In 2006, a new visitors' centre opened to serve Fathom Five National Marine Park and the Bruce Peninsula National Park. Designed by Andrew Frontini of Shore Tilbe Irwin + Partners, the CAD $7.82 million centre, approached by a boardwalk, features an information centre, reception area, exhibit hall and theatre. A 20-metre viewing tower was also constructed to provide visitors with aerial views of the surrounding park and Georgian Bay.
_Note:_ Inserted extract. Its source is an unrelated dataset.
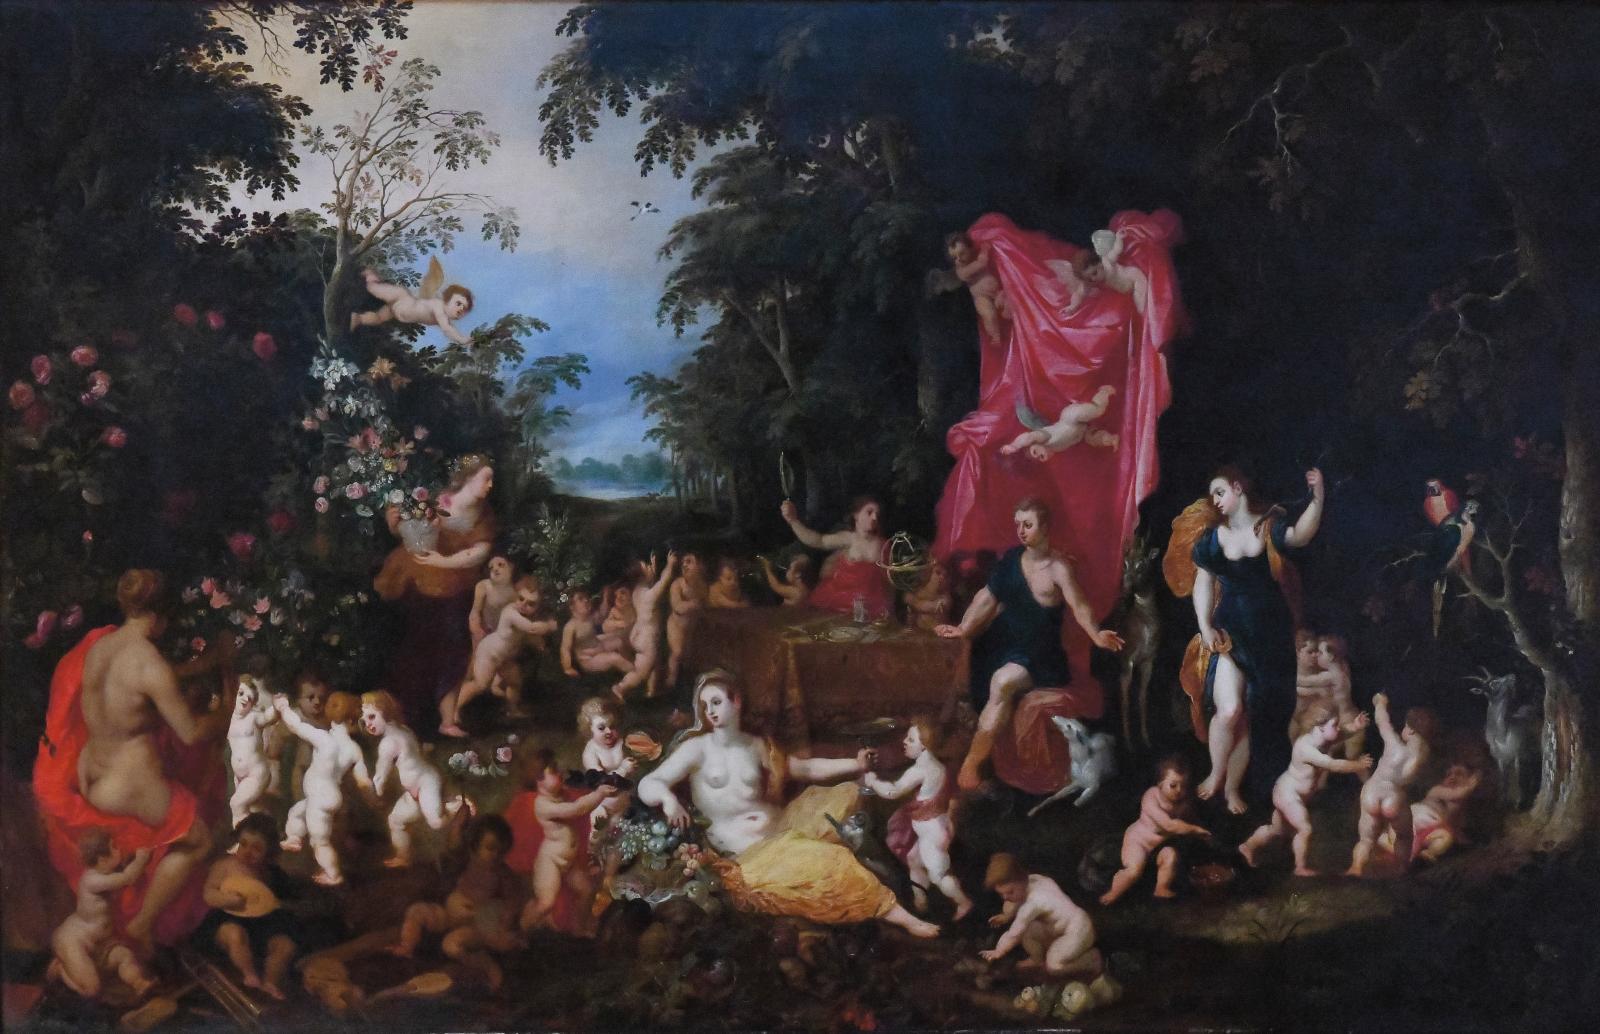 Jan Bruegel the Younger and Hendrick Van Balen: A Duo for an Unusual Theme

The centre was designed with environmental sustainability in mind, receiving $224,000 from the Federal House in Order initiative for implementation of innovative greenhouse gas reduction technology.

== Recreation ==
With an annual visitation number of 490,388 from 2019-2021, Fathom Five National Marine Park is a popular destination among locals and tourists. The park has three main trails, which range in duration from five minutes to two hours. The Bruce Trail to Little Dunks Bay is approximately two kilometres long and provides visitors with a panoramic view of Little Dunks Bay and Georgian Bay. The Bruce Trail Burnt Point Loop has the longest hike of the three, encompassing 4.8 km, which passes through cedar forests and provides a view of Georgian Bay. Visitors can embark on the shortest hike that is less than half a kilometre in length, passing by the visitor centre on their way to Tobermory Harbour.

== Park management ==
=== Management plan ===

The management plans for the Fathom Five National Park was made in 1998. The park was created to protect the longevity of the Georgian Bay marine biodiversity and environment. The aquatic ecosystems management was created to study the structure of the ecosystem and resources, protect species and habitats, and identify the impact of nonnative species and make management plans to take action if they negatively impact native species. The fish management plan was created to monitor the populations, and allow sustainable harvest through commercial and sport fishing. The terrestrial ecosystems management plan was created to monitor the islands’ biogeography and to and reduce human impact on the environment. This is done by preventing new species from being introduced and limiting public access to areas. Additionally, management requires environmental impact assessments to be done prior to any activities or development.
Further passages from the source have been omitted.